Quid de l’emploi intérimaire dans les régions de France ?

L’année dernière, l’emploi intérimaire a progressé dans toutes les régions de France, à l’exception de l’Occitanie (-0,7 %) et de la Normandie (-1,0 %). Les régions les plus dynamiques sont l’Auvergne-Rhône-Alpes (+5,1%), Provence-Alpes-Côte d’Azur (+3,9%) et Pays-de-la-Loire (+3,4%). Quant à la région Ile-de-France, l’emploi intérimaire a augmenté de +1,1% seulement.

Le CDI intérimaire continue de séduire les travailleurs temporaires

En 2018, 25 200 CDI intérimaires ont été signés en France, soit une moyenne de 2 100 nouveaux contrats chaque mois.

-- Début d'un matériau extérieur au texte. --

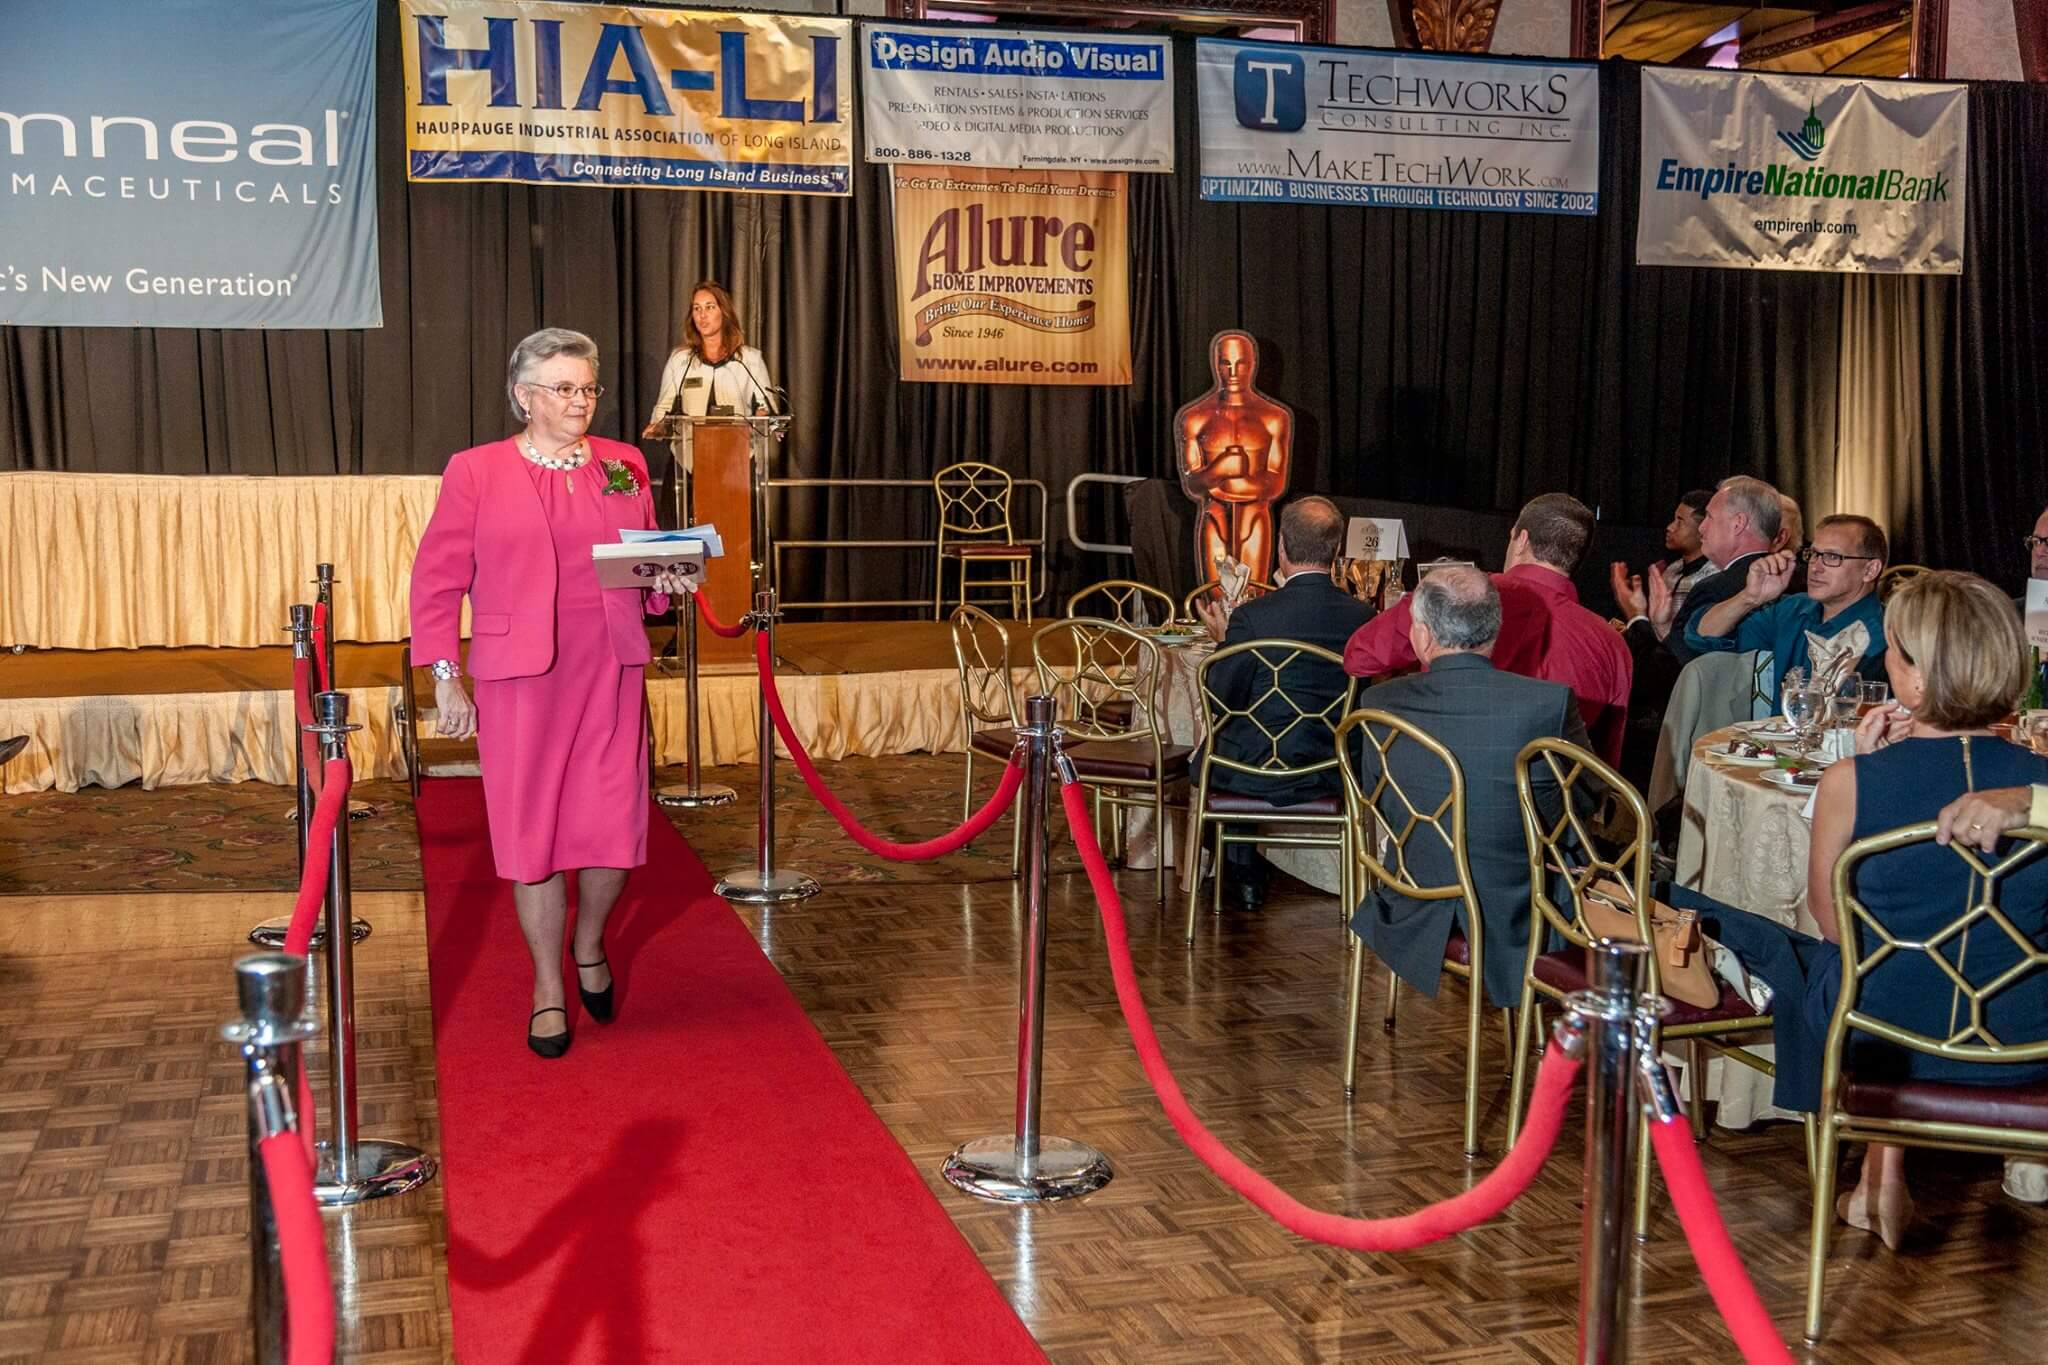 HIA, Business Achievement Awards
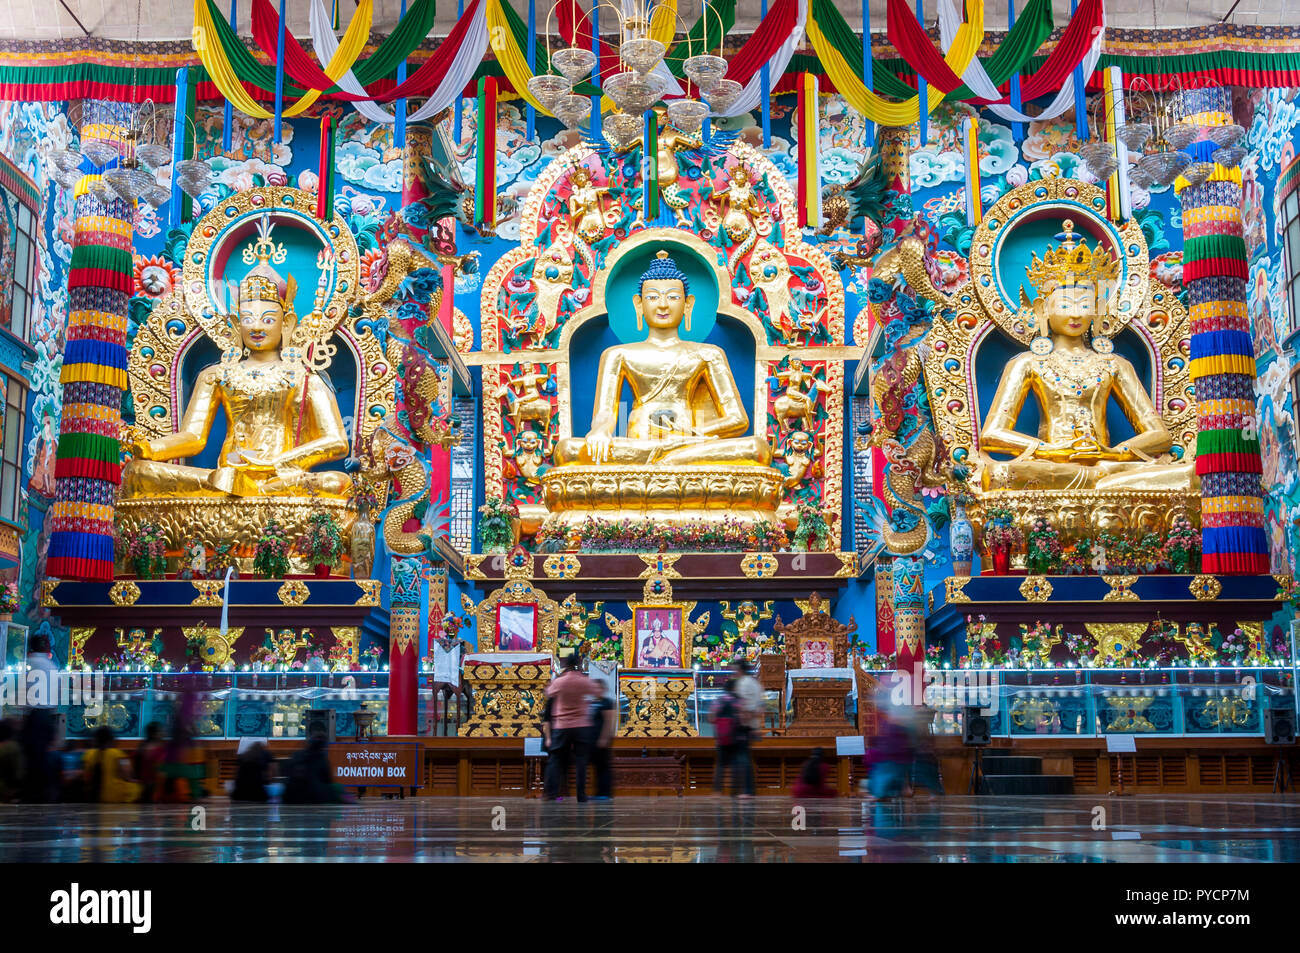 Bylakuppe, Karnataka, India - January 9, 2015: 18 meters high statues inside the Golden Temple - Padmasmbhava, the Buddha and Amitayus. Stock Photo

Au total, depuis sa mise en place en 2014, 51 600 CDII ont été signés entre les agences d’emploi et les intérimaires. Si l’on tient compte de la création d’emploi en CDII, « la tendance annuelle de l’emploi intérimaire se situerait donc à près de +4,0 % au lieu de +1,8 %, hors CDII ».

Le CDII a été officiellement reconnu comme contrat de travail en septembre 2018, après plusieurs années de test concluant. Pour les intérimaires, il s’agit avant tout d’une solution alternative permettant de « bénéficier de la sécurité d’un CDI et de dispositifs de formation ». En effet, entre deux missions d’interim, le travailleur temporaire ayant signé un CDII est payé par son agence d’emploi et peut suivre une formation afin de compléter ses compétences professionnelles et décrocher davantage d’opportunités. Cela lui permet de percevoir une rémunération chaque mois. Quant aux entreprises utilisatrices, elles « conservent la souplesse du recours à un salarié pour des missions ponctuelles ». Enfin, les agences d’emploi comme LIP proposent des CDII aux intérimaires fidèles et compétents.